マッチ箱は電気羊の夢を見るか ー電子立国日本、復興への道ー

いわのふ

第1話 研究室

 私は生化学を長いことやってきたが、今はK大の教授に応募してどういうわけか合格してしまい、春から赴任している。それまでは、毎日毎日、カネもうけの話ばかりのとある製薬会社にいて、いかにカネがもうかる開発するかばかり考えさせられてきた。私もそんな日々をすごしているうちに、同僚たちは学会で実績をつんで、次々に大学に出て行く年頃になった。


 とは言っても今の大学も同じだ。教授、というのは名ばかりで、専門性が問われているわけではない。外部からどれだけ資金を獲得できるかが問われている。だから、勤め人だった私が合格したのだと思う。博士論文は書いていて某大学から博士号もとっており、くだらない論文の数本でも書いているので、資格としては十分であるとされたが。大学の運営は、もといた会社からの共同研究とか期待しているのだろうが、申し訳ないがそういうことはしたくない。


 といって、カネをもらってこないことには研究費もろくに出ないし、基礎研究ばかりやっていると干される。十年後の日本からノーベル賞はもう出ないと言われる由縁である。周りの教授連中は、しょっちゅう出張に行っている。学会ならまだしも、企業に行って、宣伝に必死なのだ。自分の研究室の運営は自分でやらねばならない。教授は、零細企業の社長のようなもの。では、助教、准教授はどうかというと、これまた雑事でほぼ研究する時間なぞない。

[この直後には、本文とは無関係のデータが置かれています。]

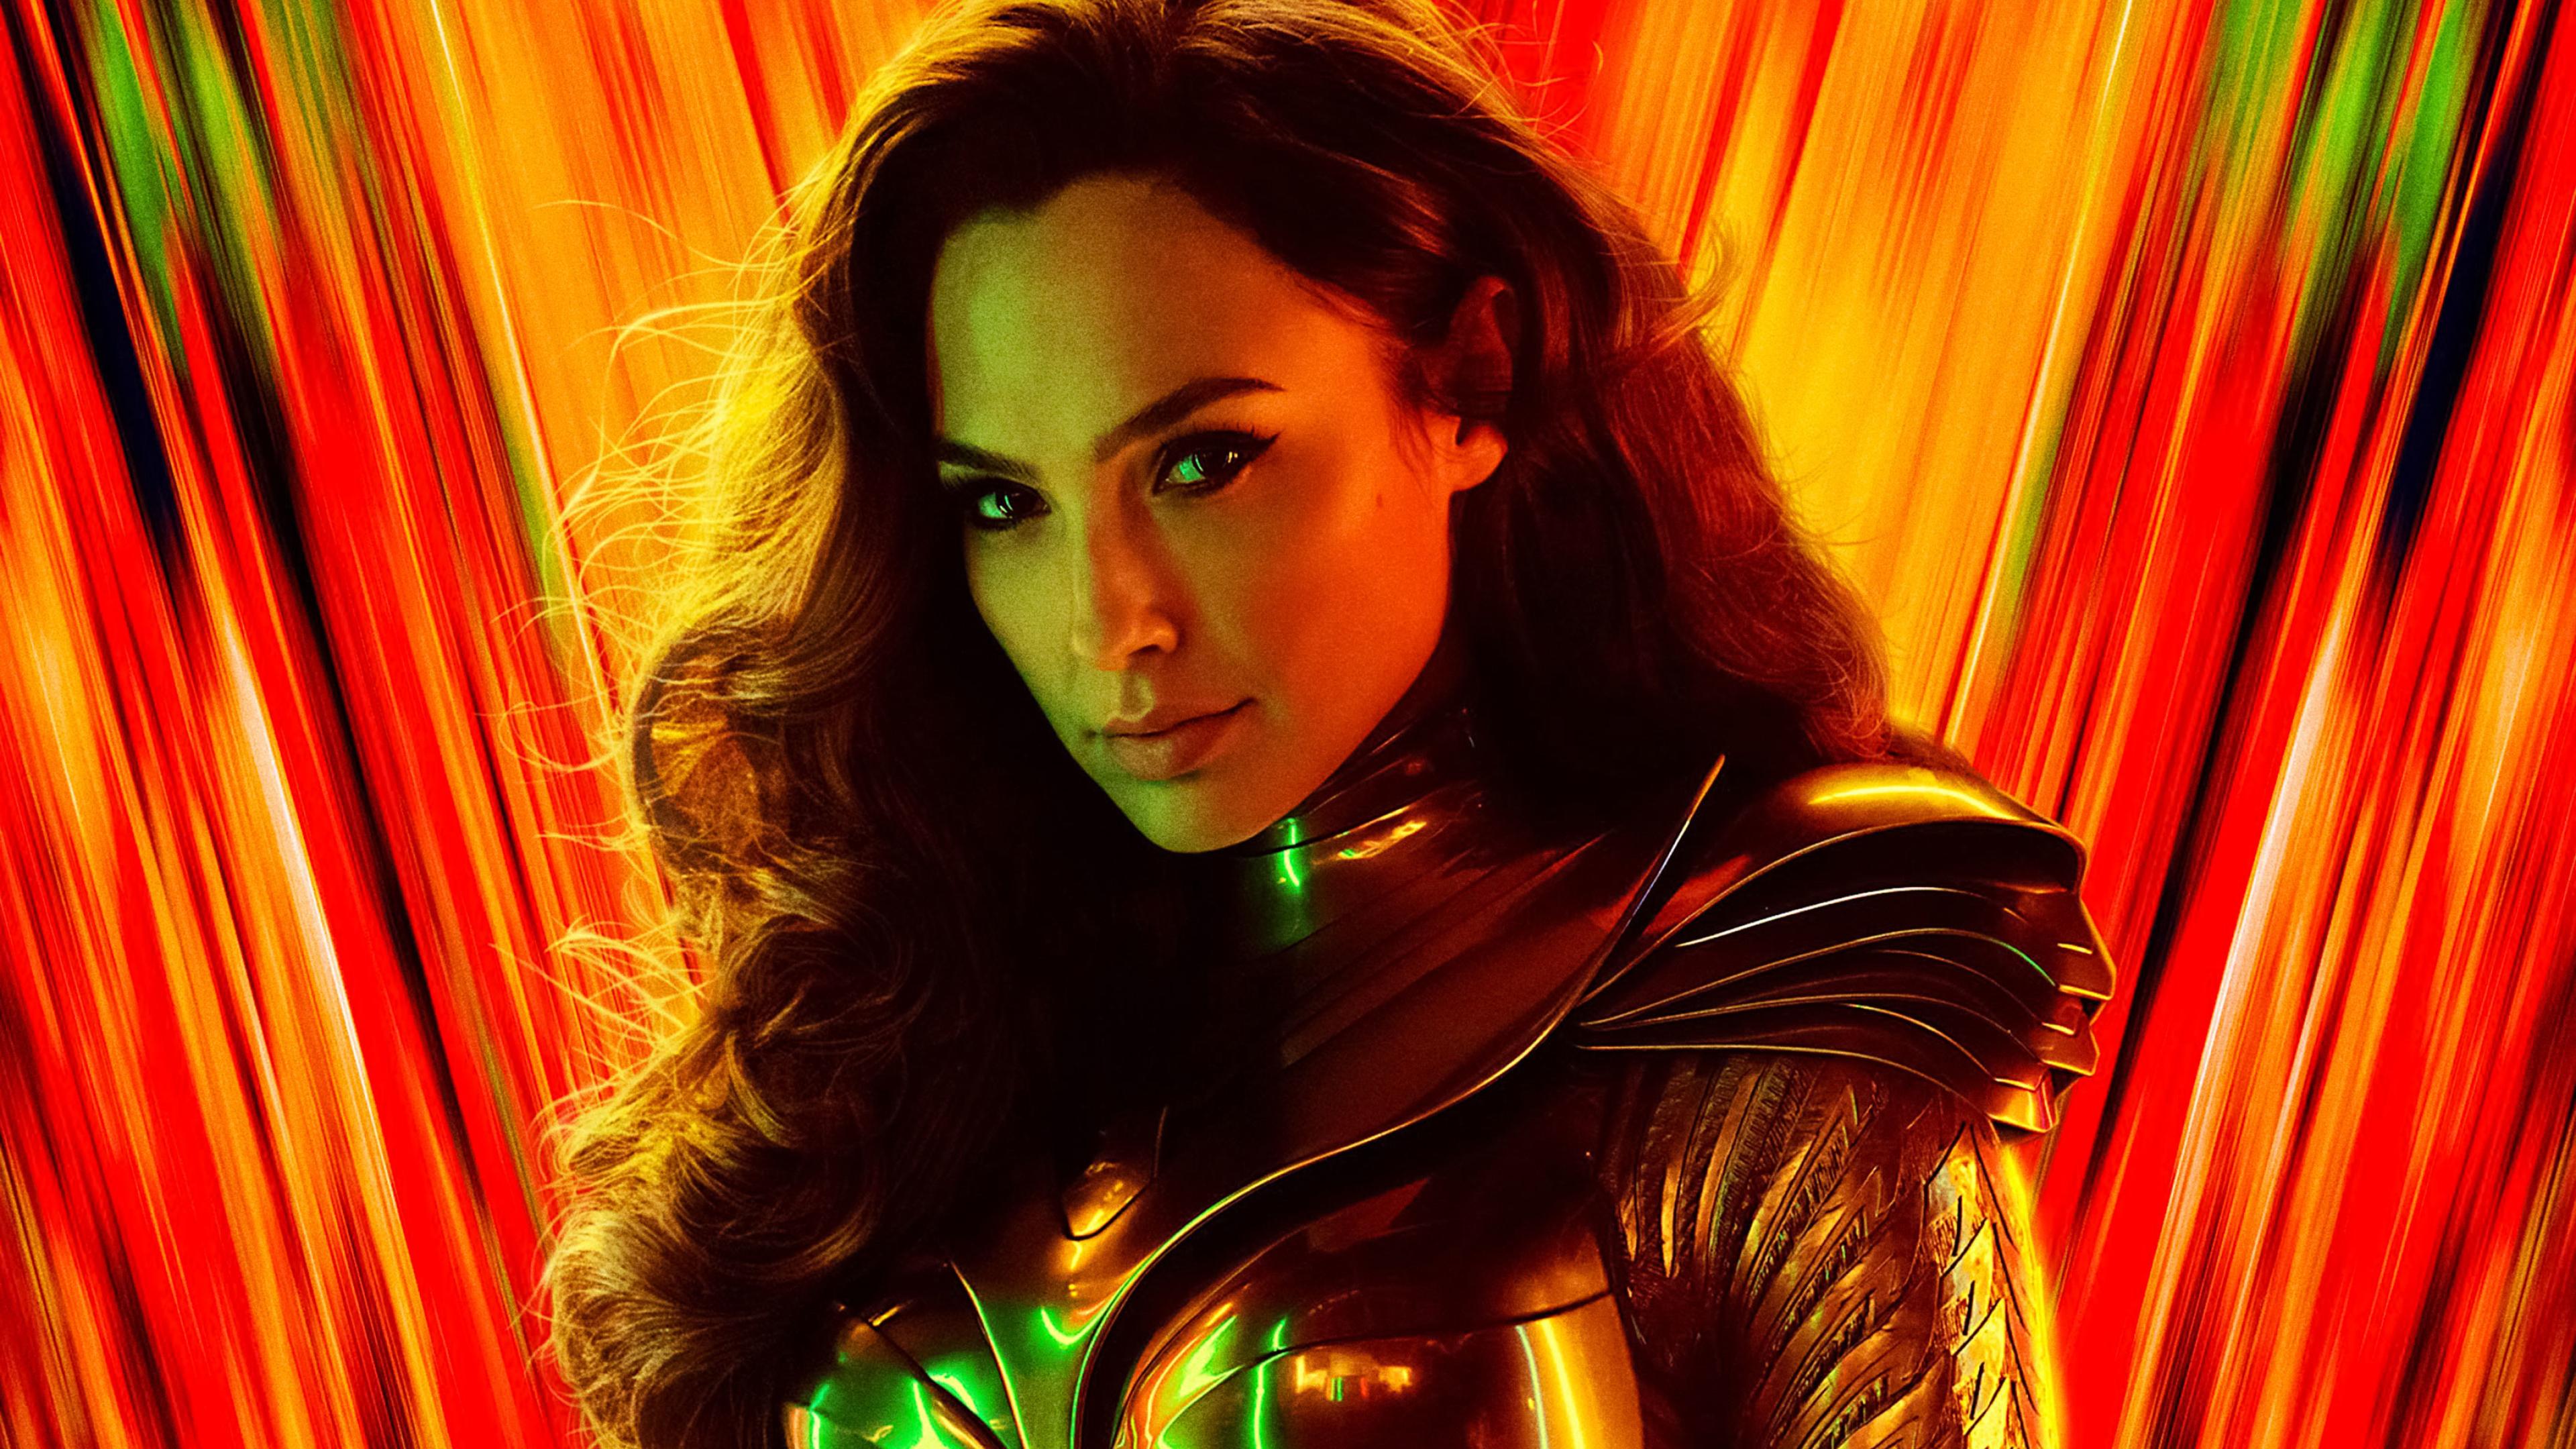 Wonder Woman 2 Wallpaper in 3840x2160 Resolution

 彼らは学会の世話係から、どうでもいい書類書きなど一日中やり、果ては学生の面倒を見ており自分の研究時間なんてあるわけがない。可哀想だが、学問的な業績を期待する方が間違っている。金儲けてどこが悪い、と開き直ったどこぞやらの投資家みたいだ。周囲の研究室を見ると、もうかなり前に発掘した事実をことさら大げさに宣伝媒体に発表して、研究費を獲得しようとしている。論文ときたら、英語だけはやたらと上手ではあるが、内容ときたら陳腐なものばかりだ。


 私には研究したいことがあり、まだそういう気持ちを持っているから大学に来たわけだが、かねてから聞いてのとおり、そこは研究の場所と言っていいのか、わからなくなりつつある。どこまでいっても、カネがついてまわり、すぐに儲けられない研究なんて掃いて捨てる扱いだ。


 その掃いて捨てたくなるような内容の研究を私はやりたいわけであり、内容といったら人間の意識、ようするにこころに関するものなのである。てっとり早くカネを手にするのなら、人工知能の研究です、と開き直ることも可能だが、現代の人工知能の研究はかつてからあった遺伝的アルゴリズムとか統計処理とかを、やたらと沢山の処理装置が並んだコンピュータにさせるものに過ぎない。


 ゲームの理論が流行った頃とやってることはそんなに変わらない。変わったのはコンピュータ以外にも周辺のハードがすごくよくなって、データをたくさん扱えることくらい。なにがシンギュラリティだ、と私は思うのだ。要するに機械が人間を超える日が近いとか、あの手の馬鹿馬鹿しい経済誌の特集記事の謳い文句である。


 そんなことにはならない、ってことは大衆だって大手情報産業の出すAIスピーカで身をもって知っている。なんだ、あの回答は。「すみません、わかりません」。データがそろってないか、認識プログラムがまともじゃない証拠だろう。とうていAIなんて呼びたくはないよ、そんなガラクタ。


 そうではなくて、私はこころの本質なるものを見極めたいのだ。たとえ、あのドクター・リリーのようにマッドサイエンティストと呼ばれようと、オカルト学者と言われようと。